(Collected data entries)
_ _ _

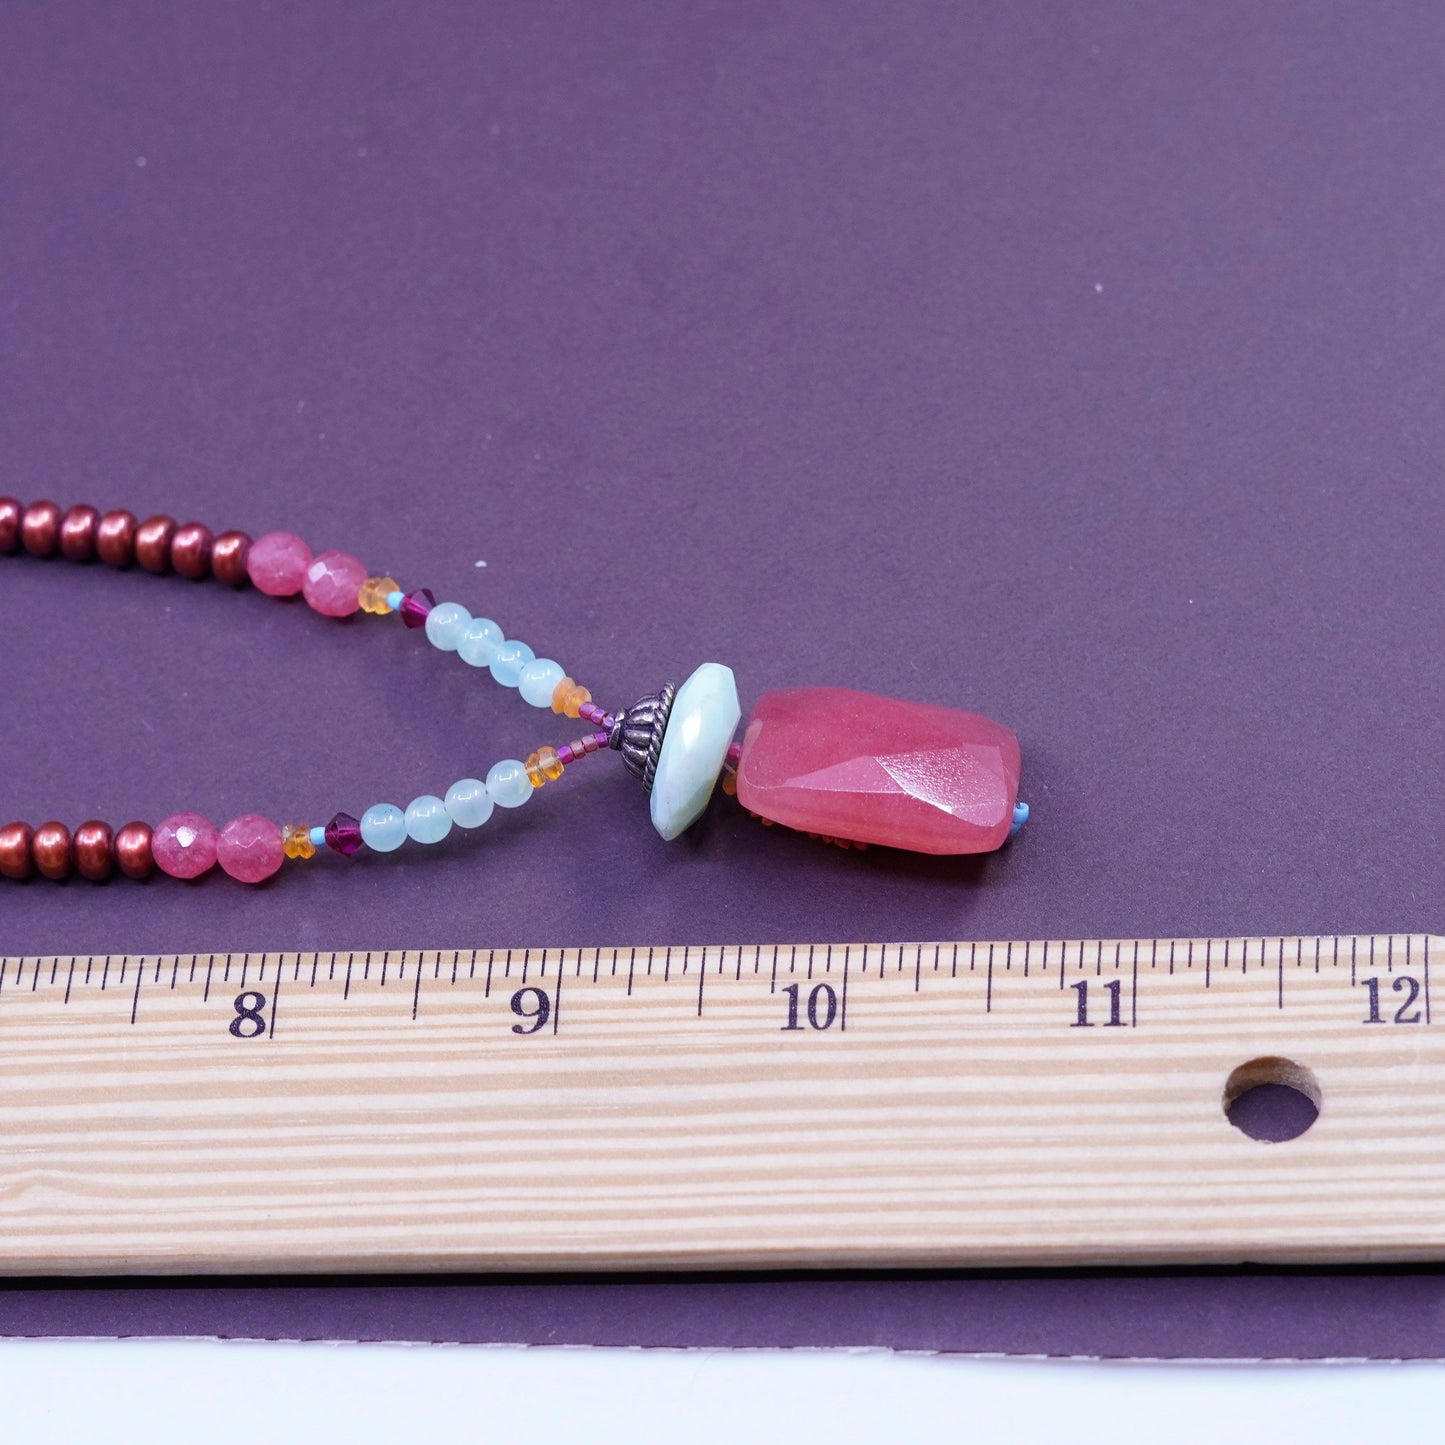 16+1.5” Vintage Sterling silver Handmade necklace w/ pearl rose quartz pendant
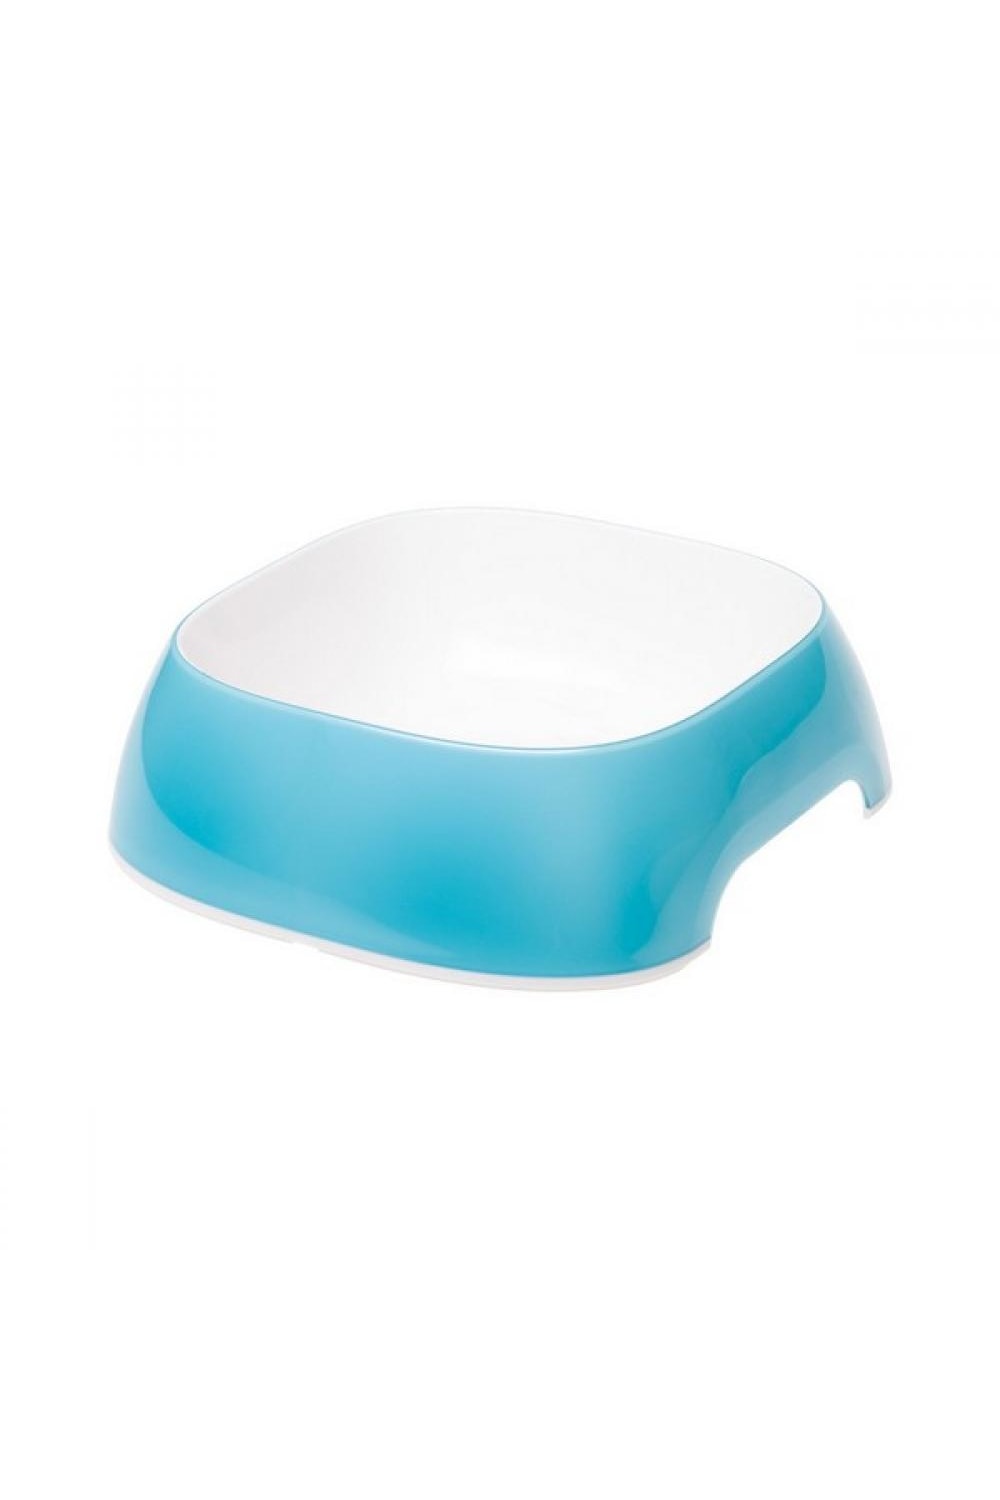 Ferplast Glam Dog Bowl (Blue/White) (9.5 x 9.1 x 2.8in)
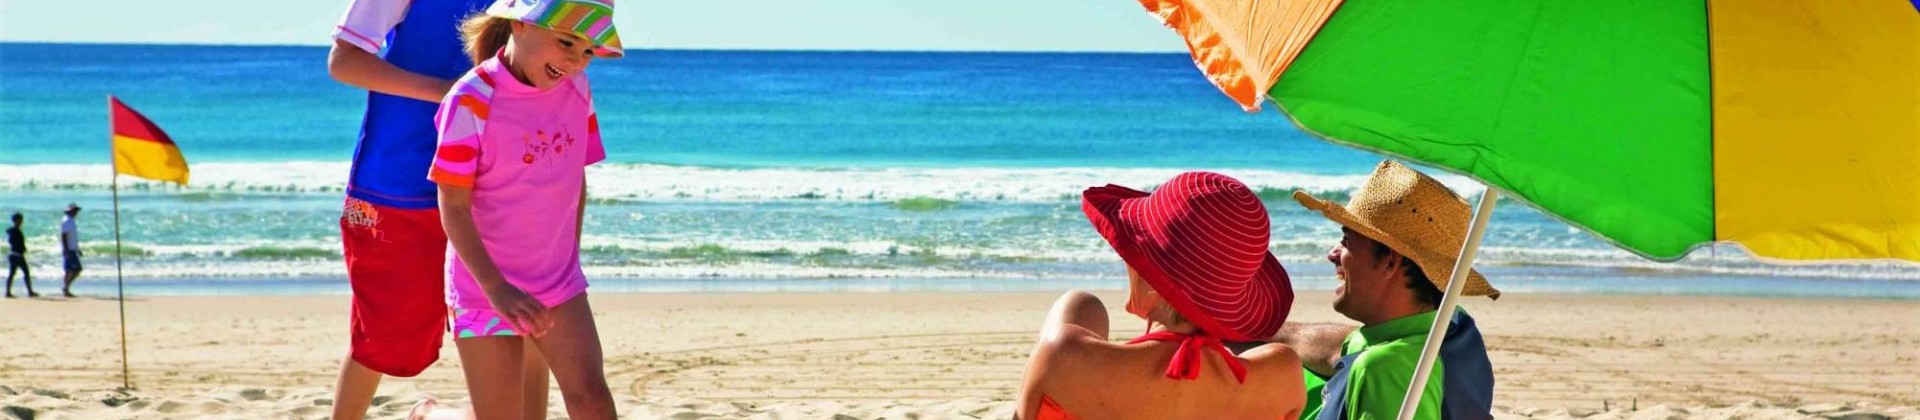 On the Gold Coast, Australia's Premier Holiday Destination
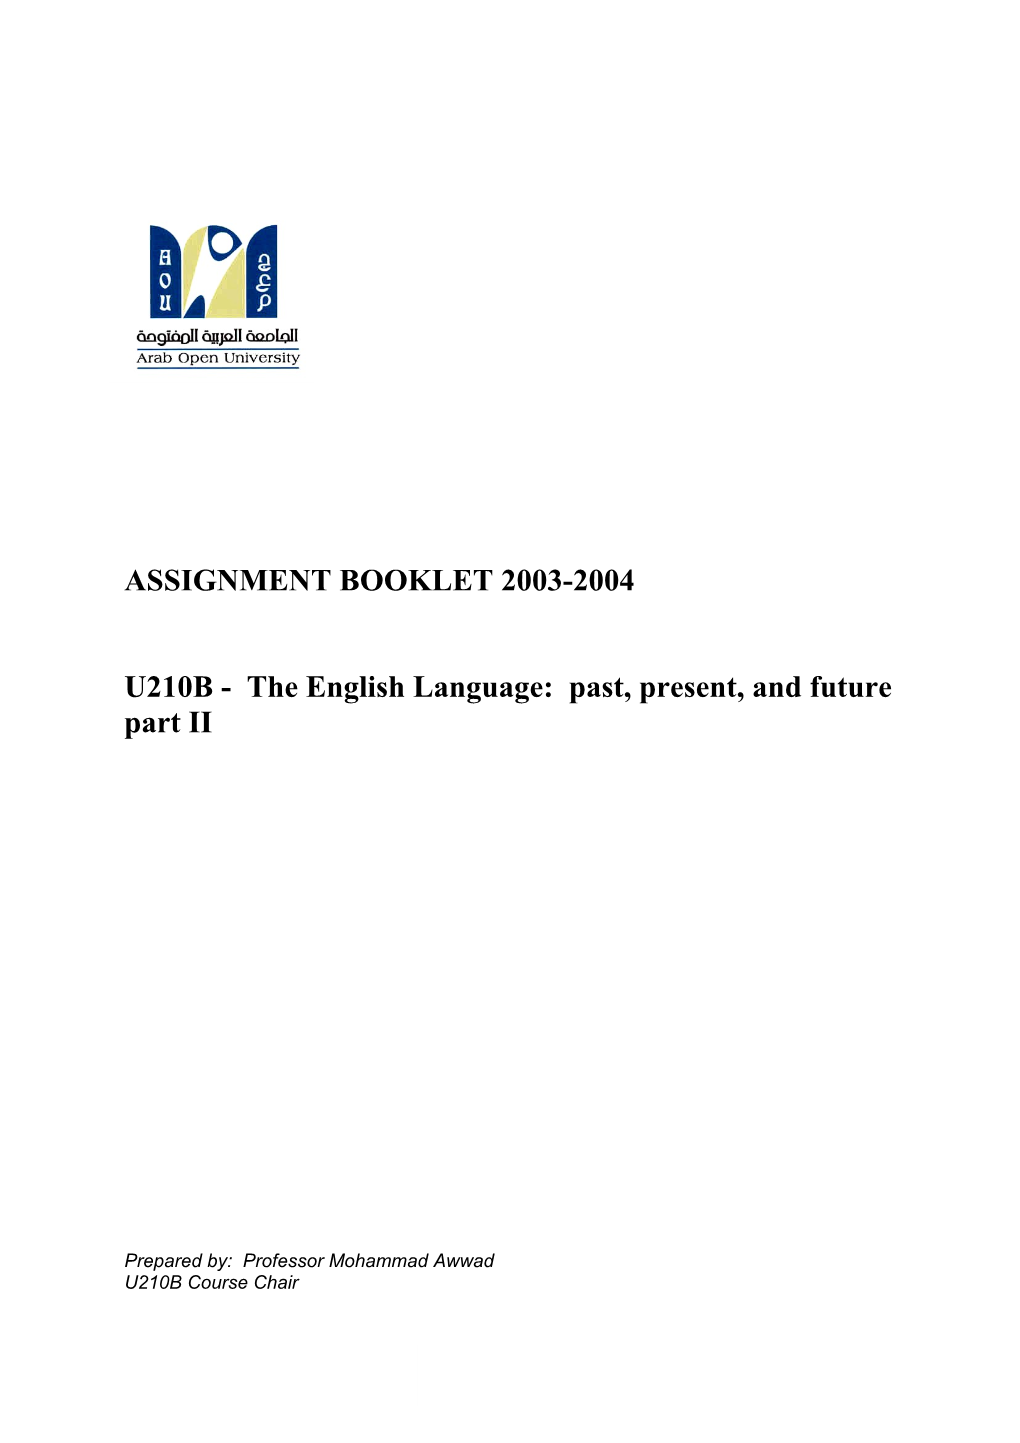 U210B - the English Language: Past, Present, and Future Part II
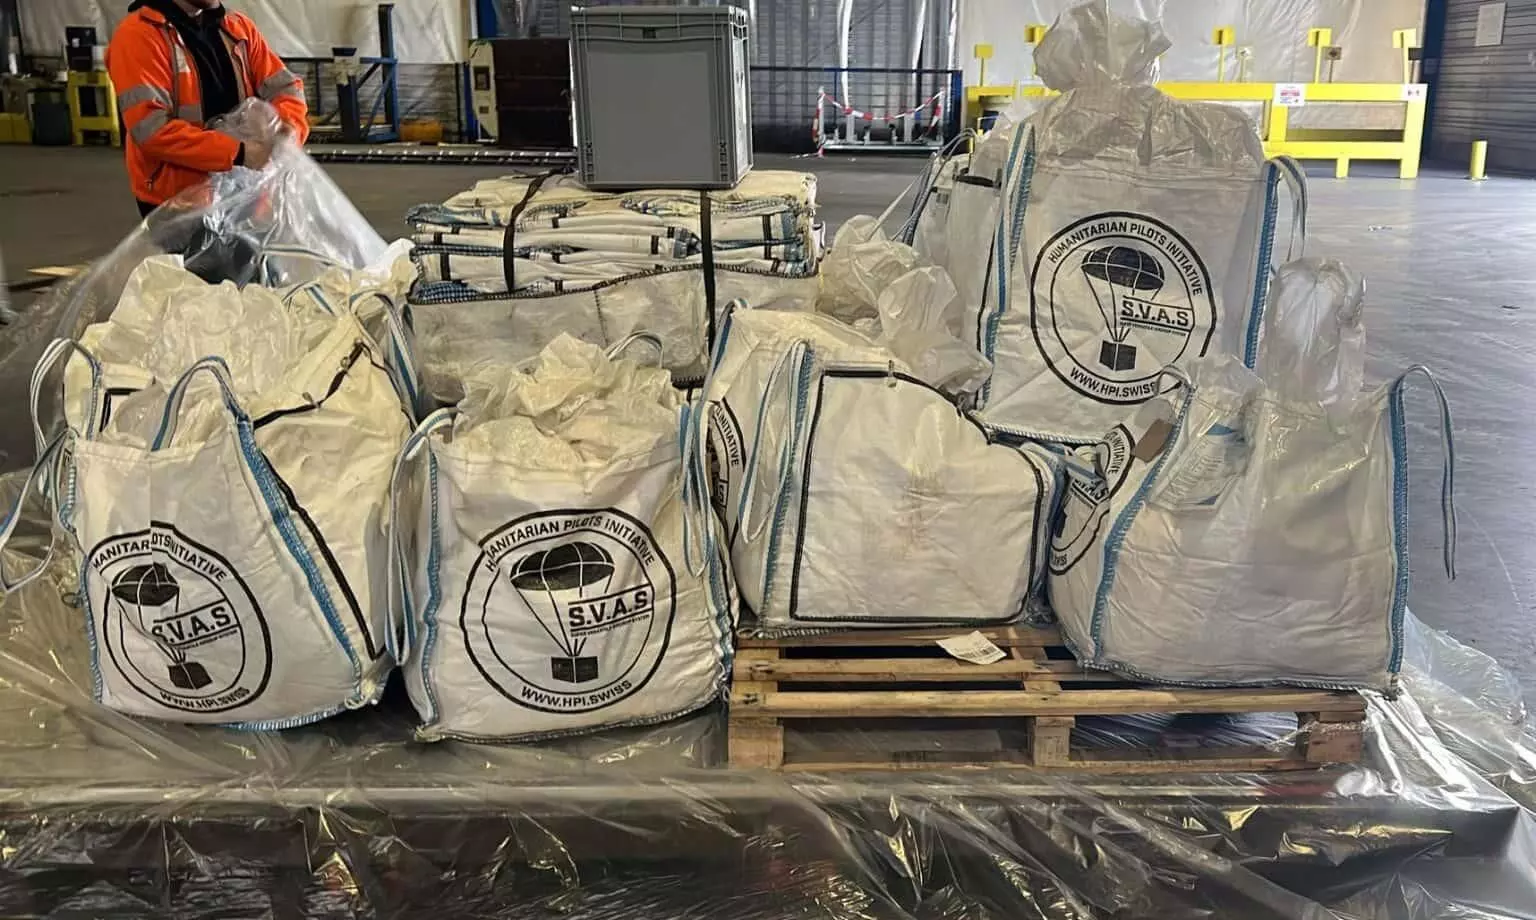 Magma, HPI deliver life-saving cargo to South Sudan

_ _ _

Prompt:
Copy only this, please: the line with "Ferplast Glam Dog" and every line after it through the end of the data, with no pictures.

Result for this task:
 Ferplast Glam Dog Bowl (Blue/White) (9.5 x 9.1 x 2.8in)
 On the Gold Coast, Australia's Premier Holiday Destination
 U210B - the English Language: Past, Present, and Future Part II
 Magma, HPI deliver life-saving cargo to South Sudan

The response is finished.